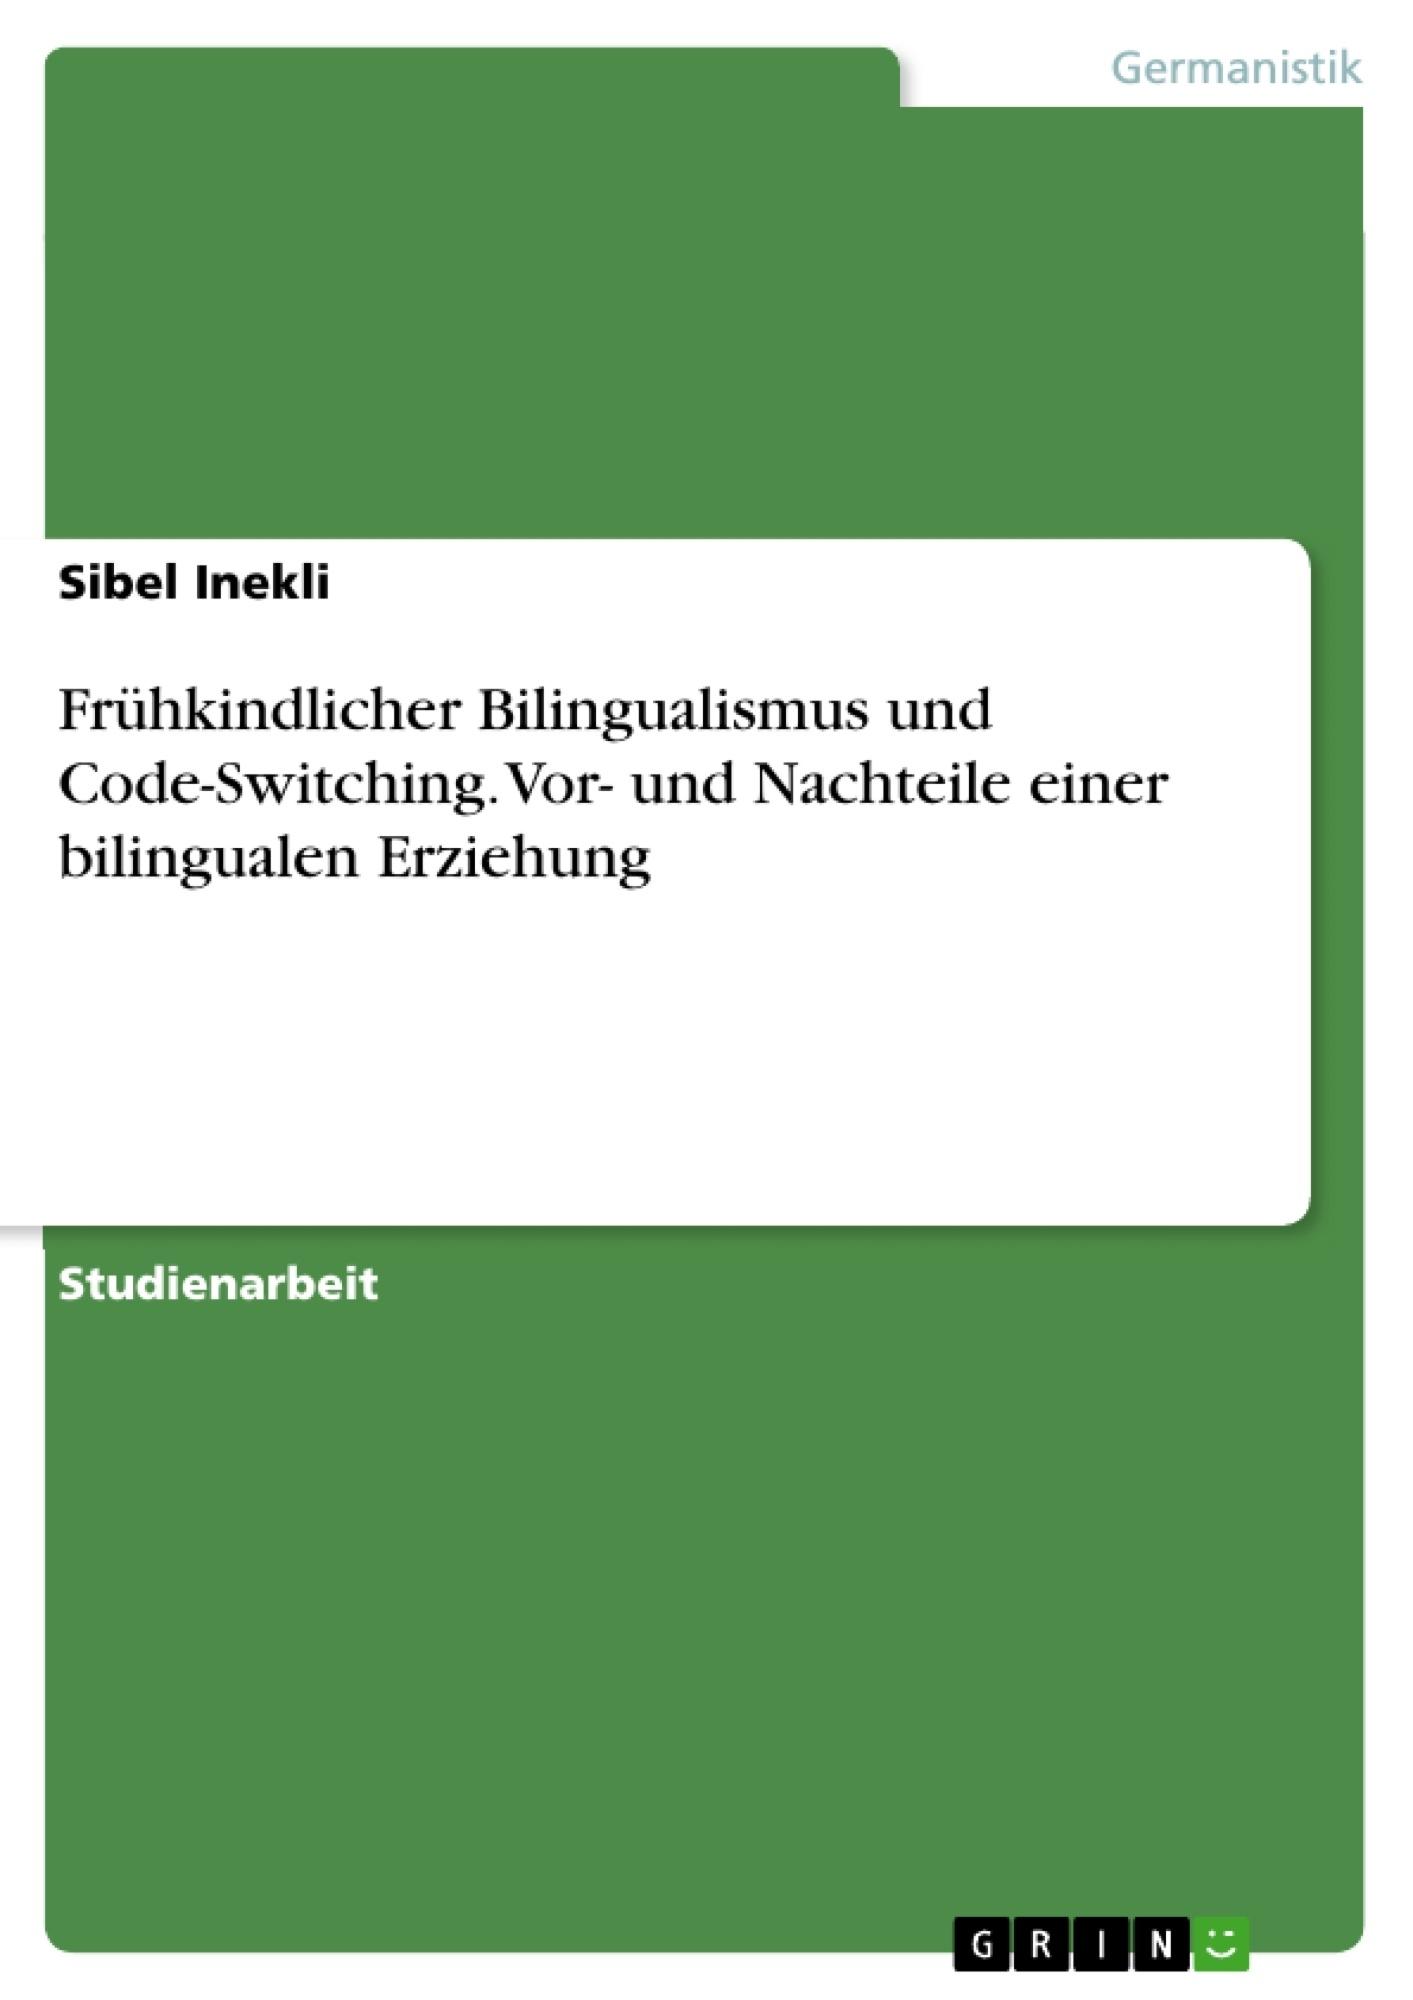 Titel: Frühkindlicher Bilingualismus und Code-Switching. Vor- und Nachteile einer bilingualen Erziehung
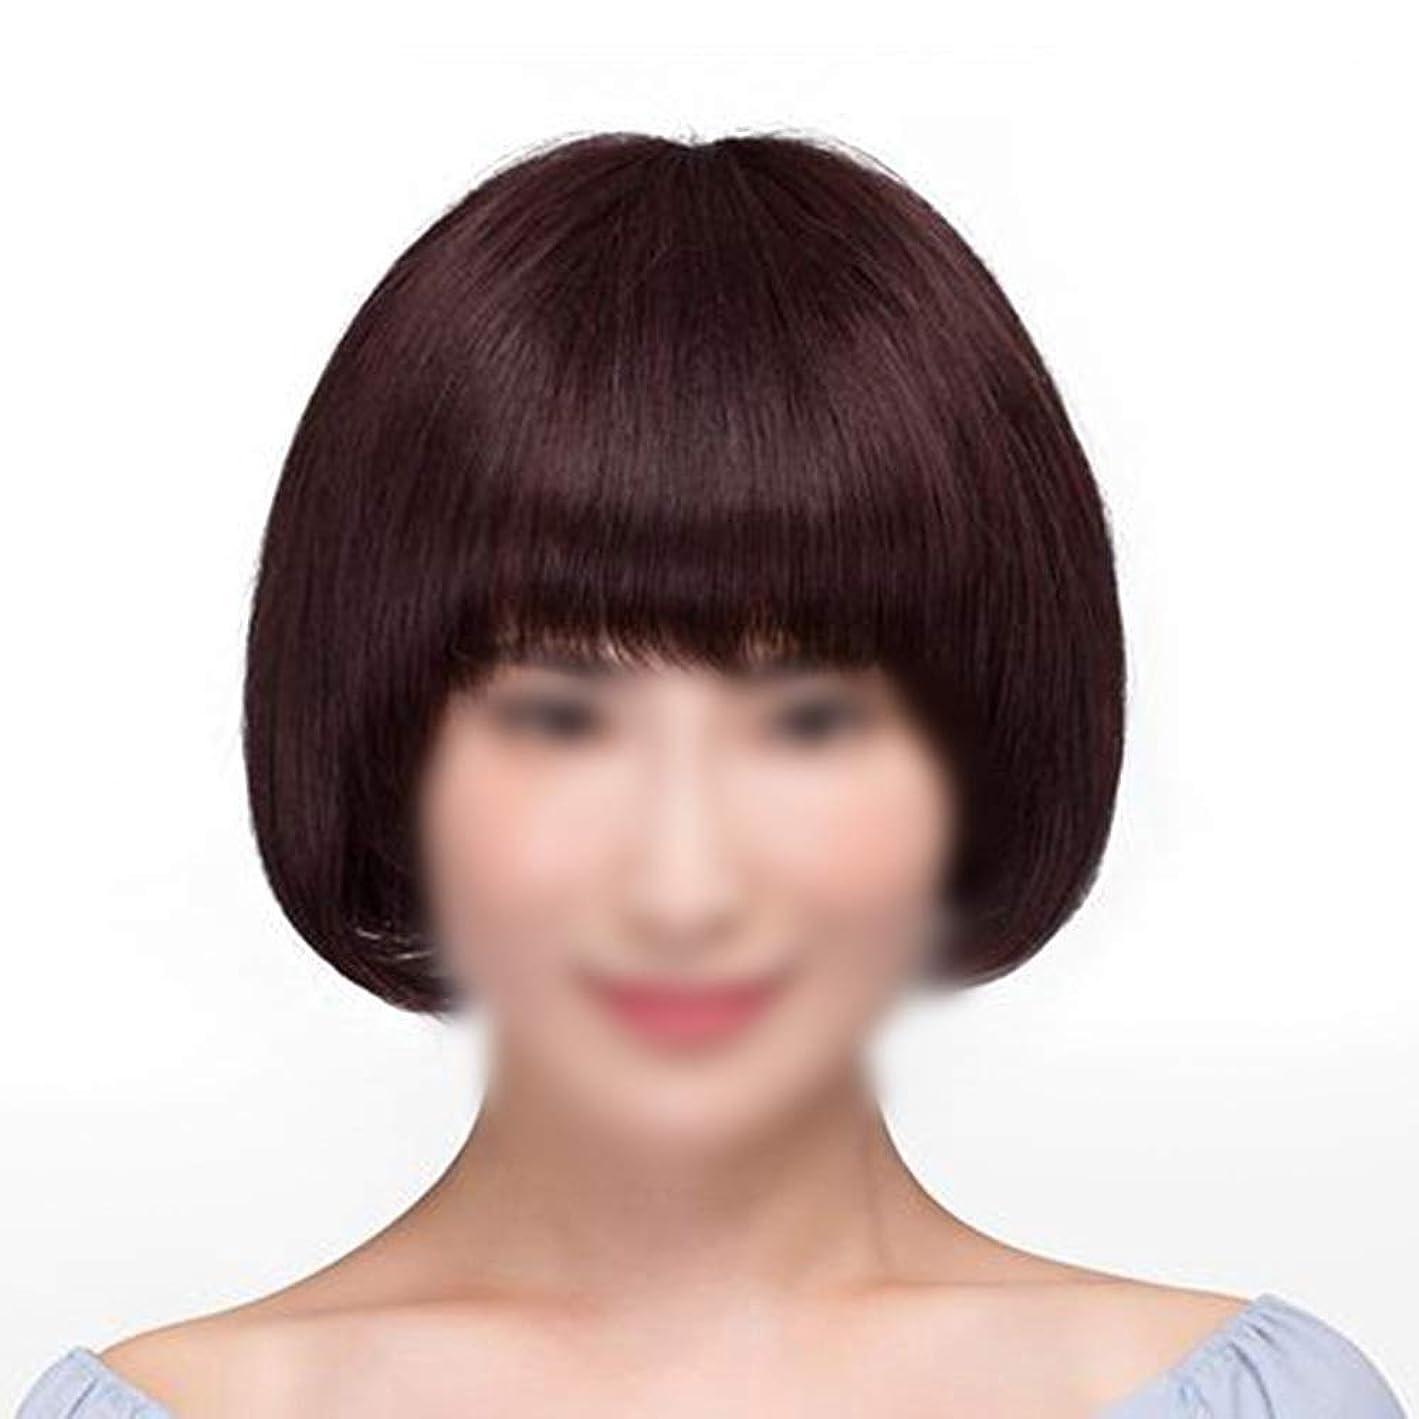 に付ける階層テーブルを設定するHOHYLLYA 女性のストレートショートボブ耐熱合成天然ブラウンカラーフルヘアかつらと前髪ショートレッドウィッグ (色 : Dark brown)
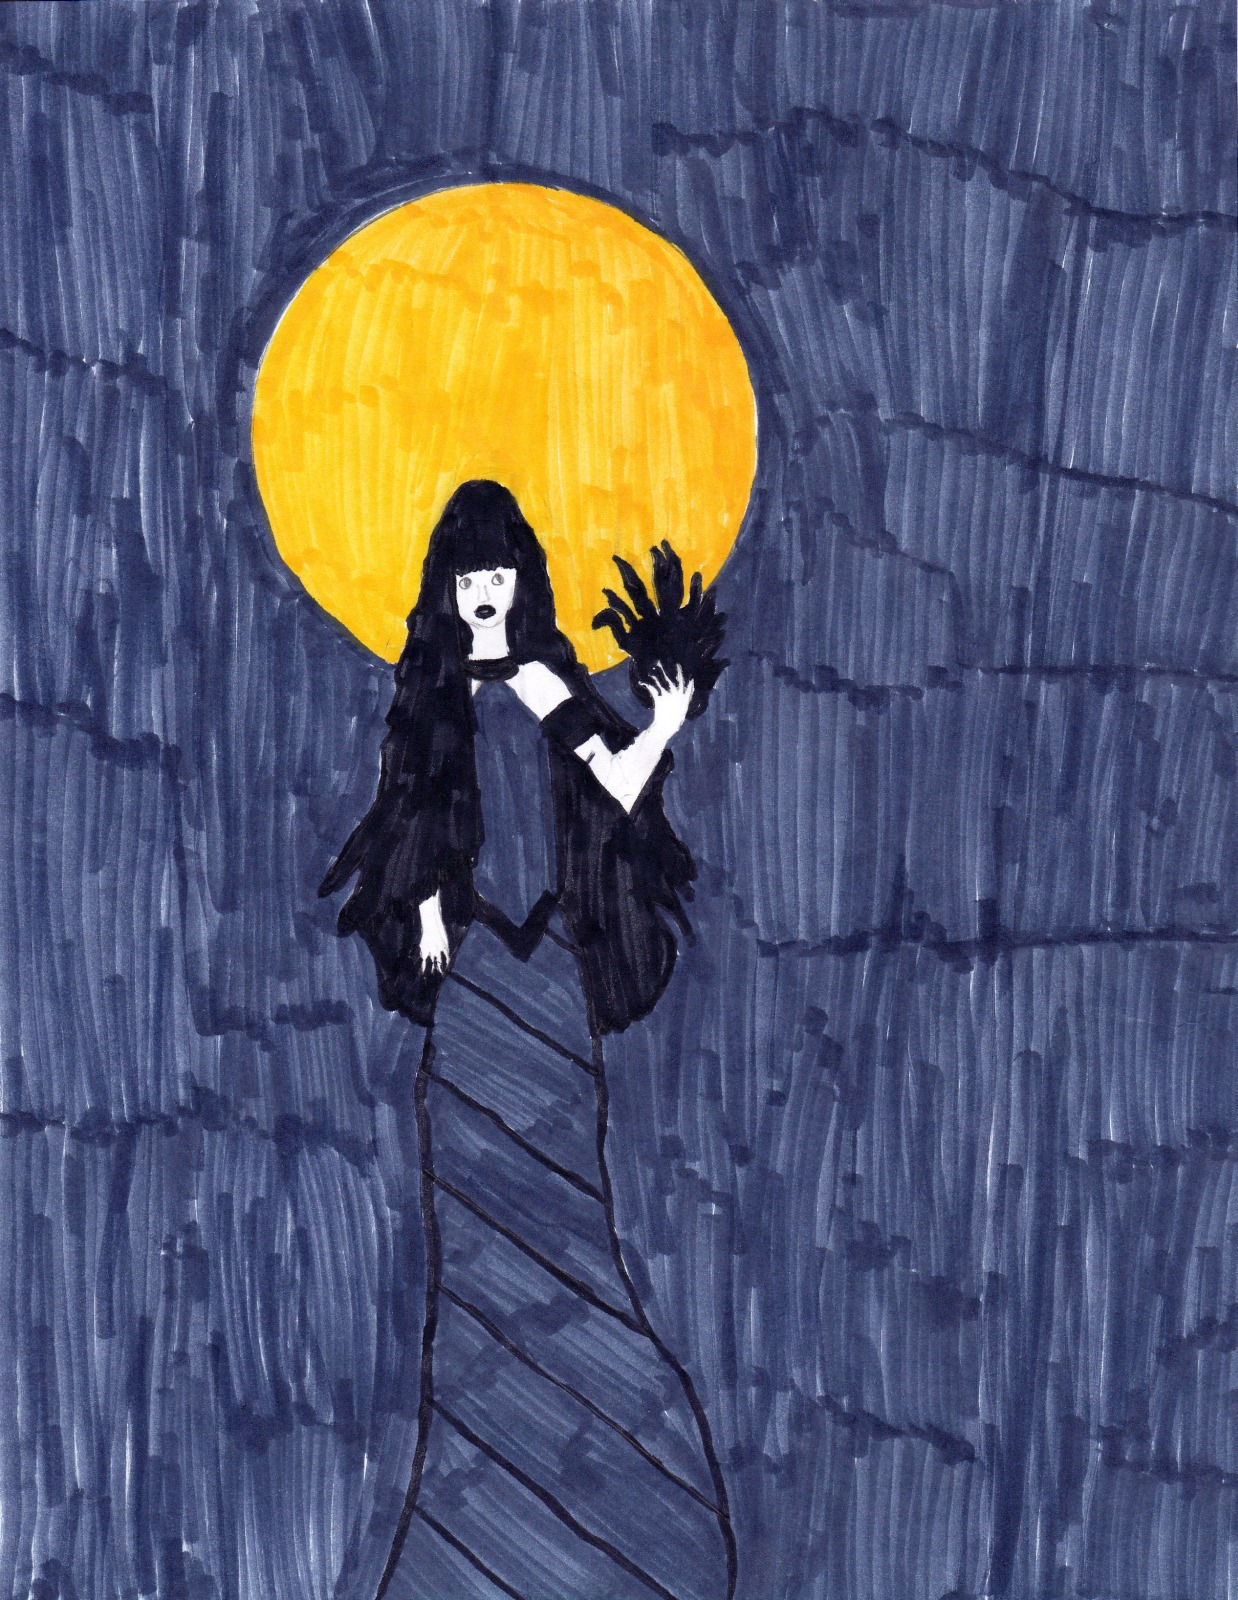 Nyx; House of Hades, artwork by Olivia Joachim

-------------------------

> WHAT IS REQUIRED
Locate the line containing "(色 : Dark brown)" in the material above, then repeat it and every later line exactly, with no pictures.

> REPLY
 に付ける階層テーブルを設定するHOHYLLYA 女性のストレートショートボブ耐熱合成天然ブラウンカラーフルヘアかつらと前髪ショートレッドウィッグ (色 : Dark brown)
 Nyx; House of Hades, artwork by Olivia Joachim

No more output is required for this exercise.